4

I have written a little function that exits if the value of the function argument is empty, I would like to be able to also print the name of the parameter (not the value!) if it is possible, my following implementation fails to print the name of the parameter.

function exitIfEmpty()
{
        if [ -z "$1" ]
        then
        echo "Exiting because ${!1} is empty"
        exit 1
        fi
}

when called like so

exitIfEmpty someKey

should print

Exiting because someKey is empty
  • Wait, when you give it "someKey", $1 won't be empty. If it's empty, there's nothing to print. – choroba Mar 26 at 15:08
  • @choroba I want to print the parameter name if possible not its value. – Xerxes Mar 26 at 15:09
  • 1
    What do you mean by the name? Function arguments don't have names. – choroba Mar 26 at 15:32
13

What gets passed to the function is just a string. If you run func somevar, what is passed is the string somevar. If you run func $somevar, what is passed is (the word-split) value of the variable somevar. Neither is a variable reference, a pointer or anything like that, they're just strings.

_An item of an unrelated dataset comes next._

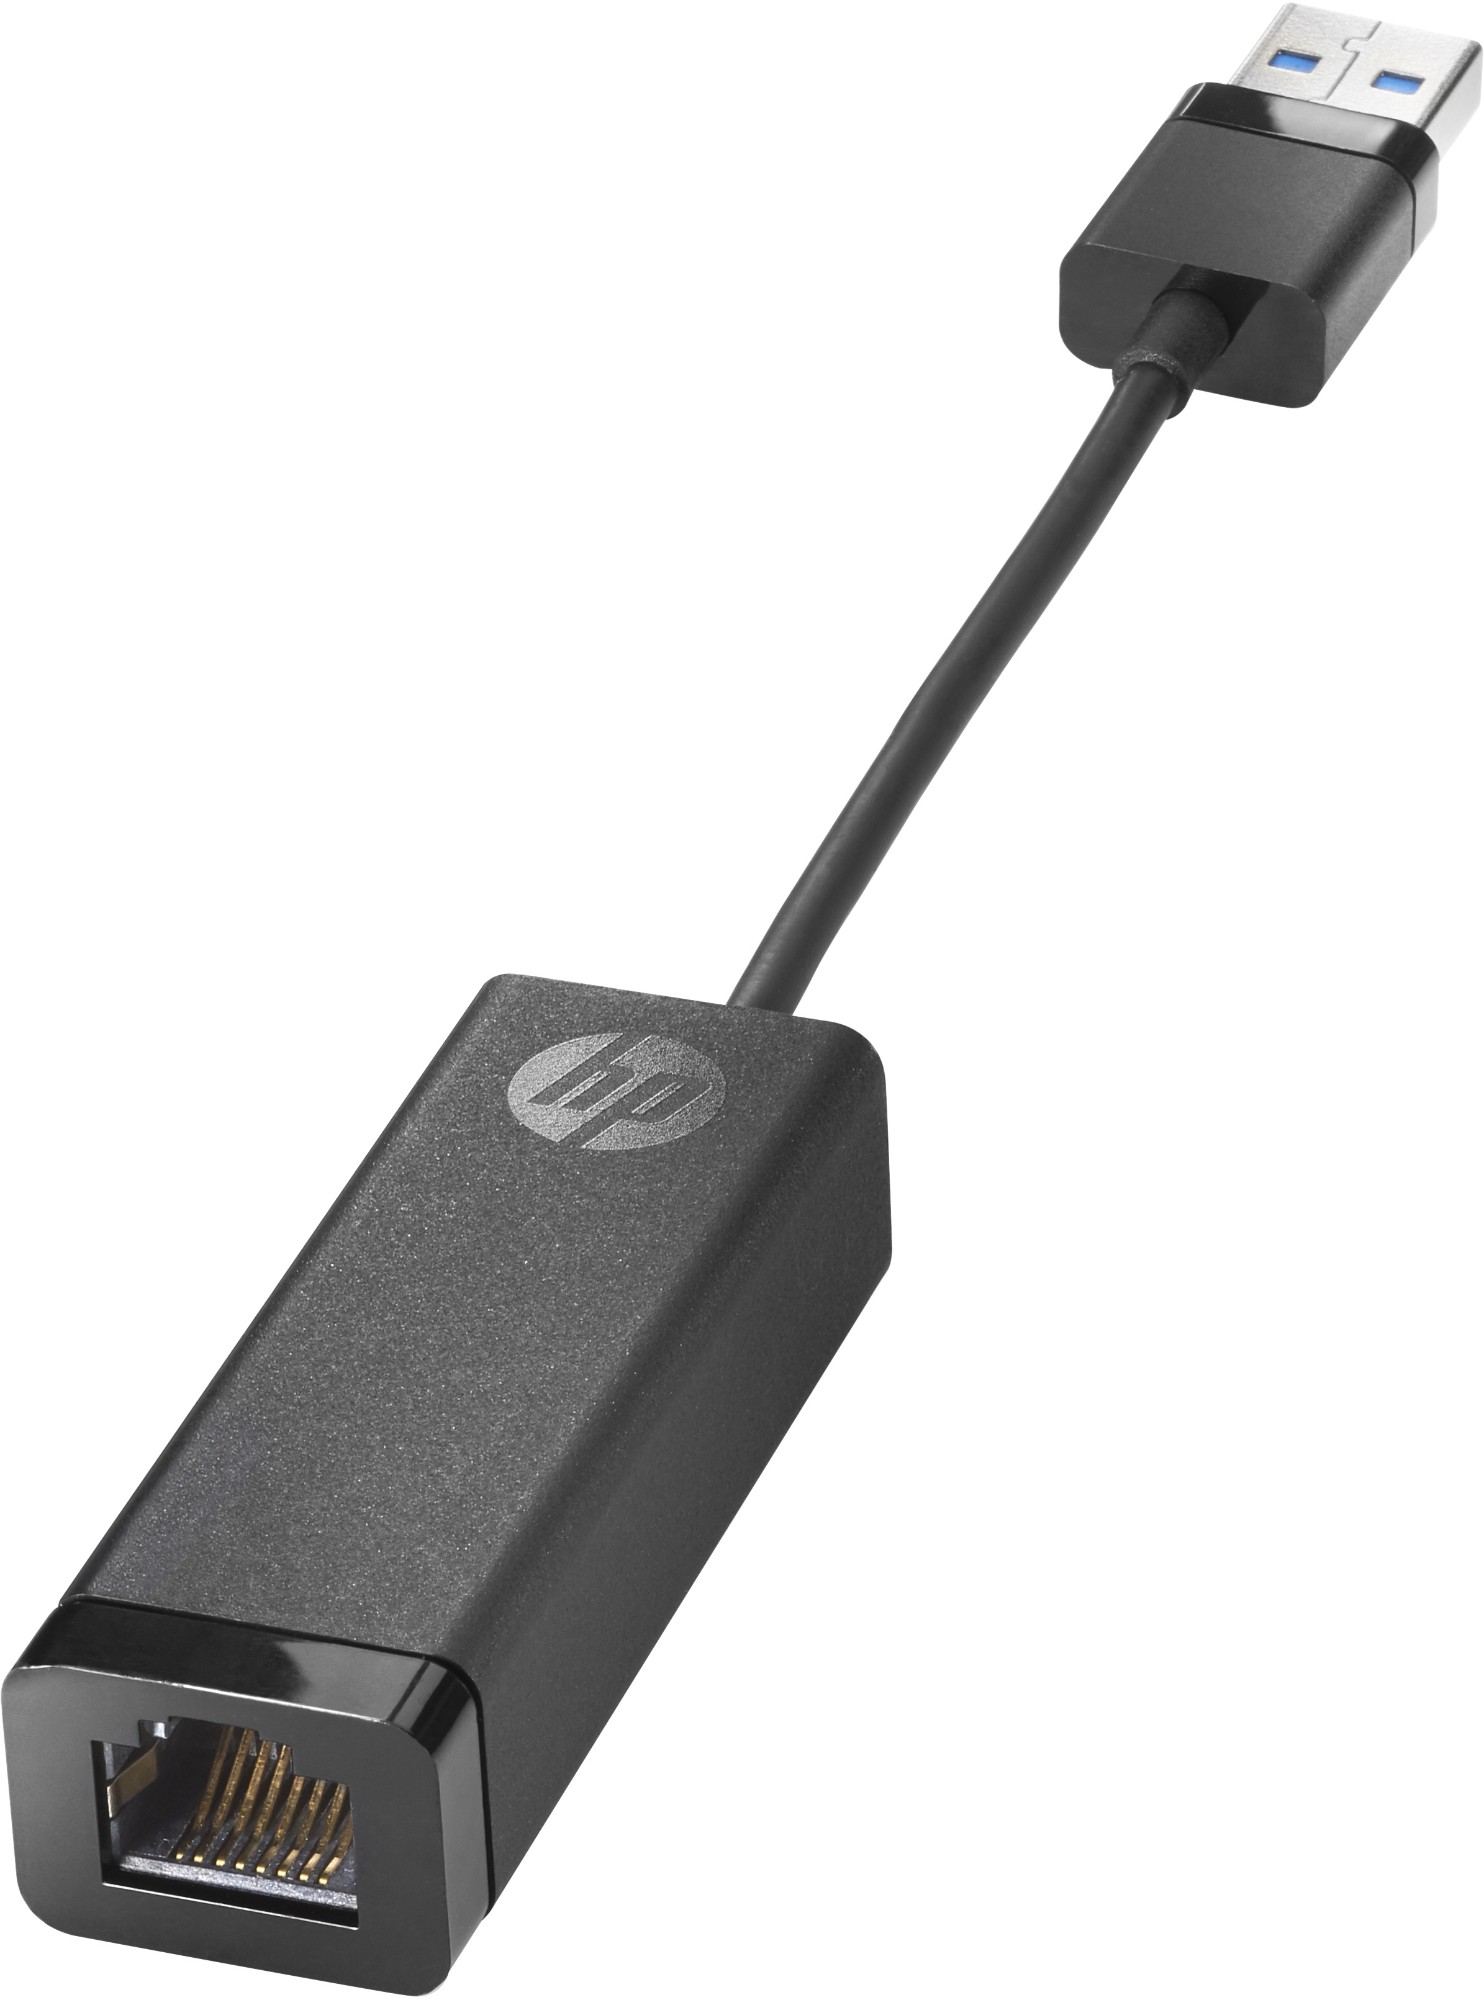 Photos - Cable (video, audio, USB) HP USB 3.0 to Gigabit LAN Adapter N7P47AA#AC3 
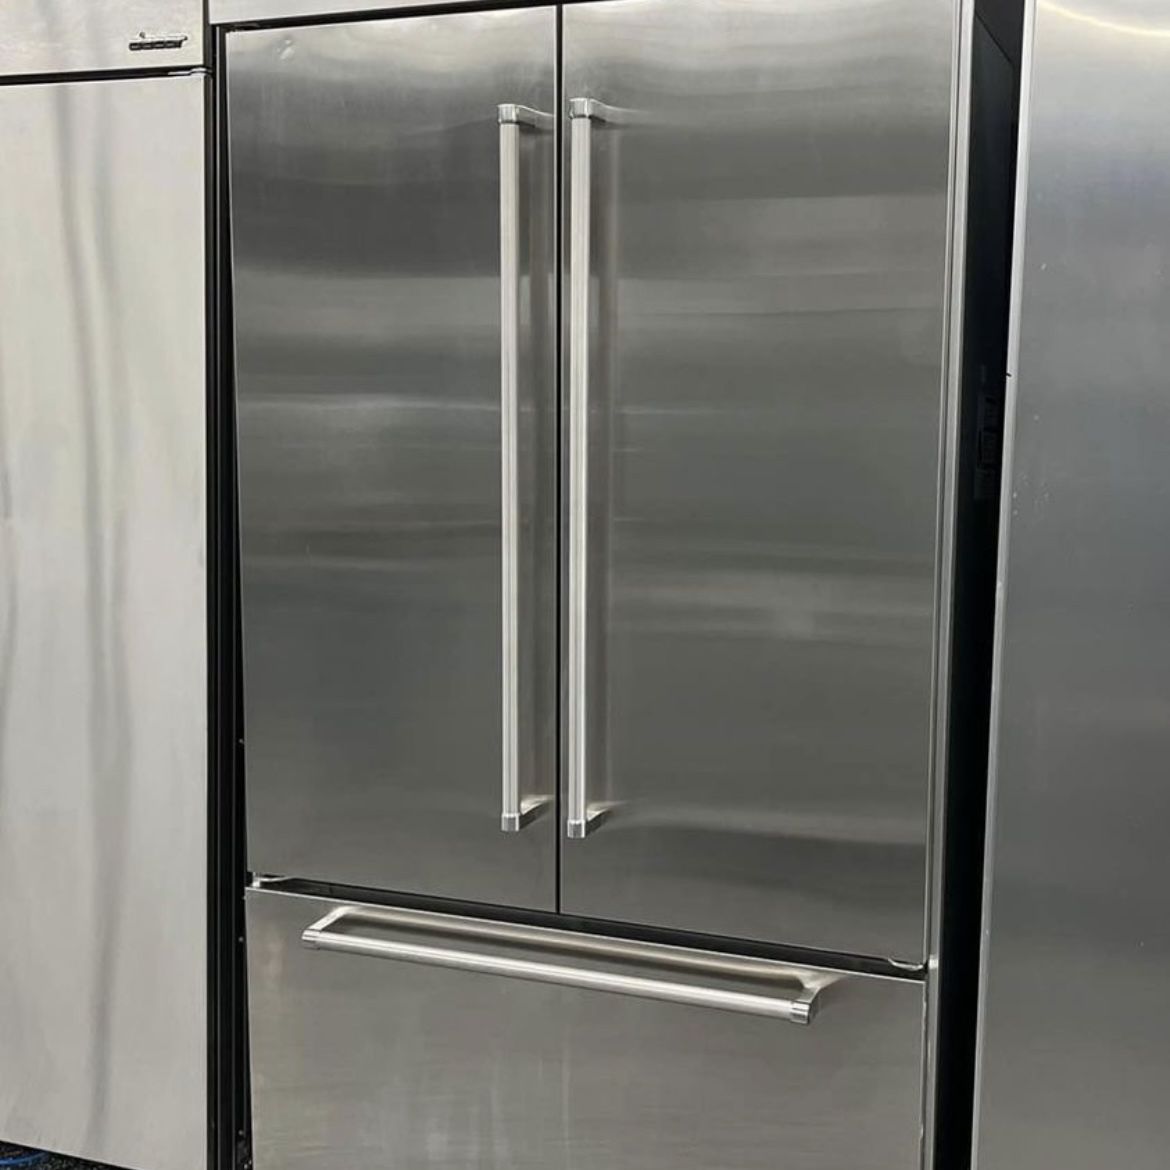 KitchenAid 42” French Door Built In Refrigerator

If you want to pass the name of a variable to a function, and then look at the value of that variable, you'll need to use a nameref (Bash 4.3 or later, IIRC), or an indirect reference ${!var}. ${!var} expands to the value of the variable whose name is stored in var.

So, you just have it the wrong way in the script, if you pass the name of a variable to function, use "${!1}" to get the value of the variable named in $1, and plain "$1" to get the name.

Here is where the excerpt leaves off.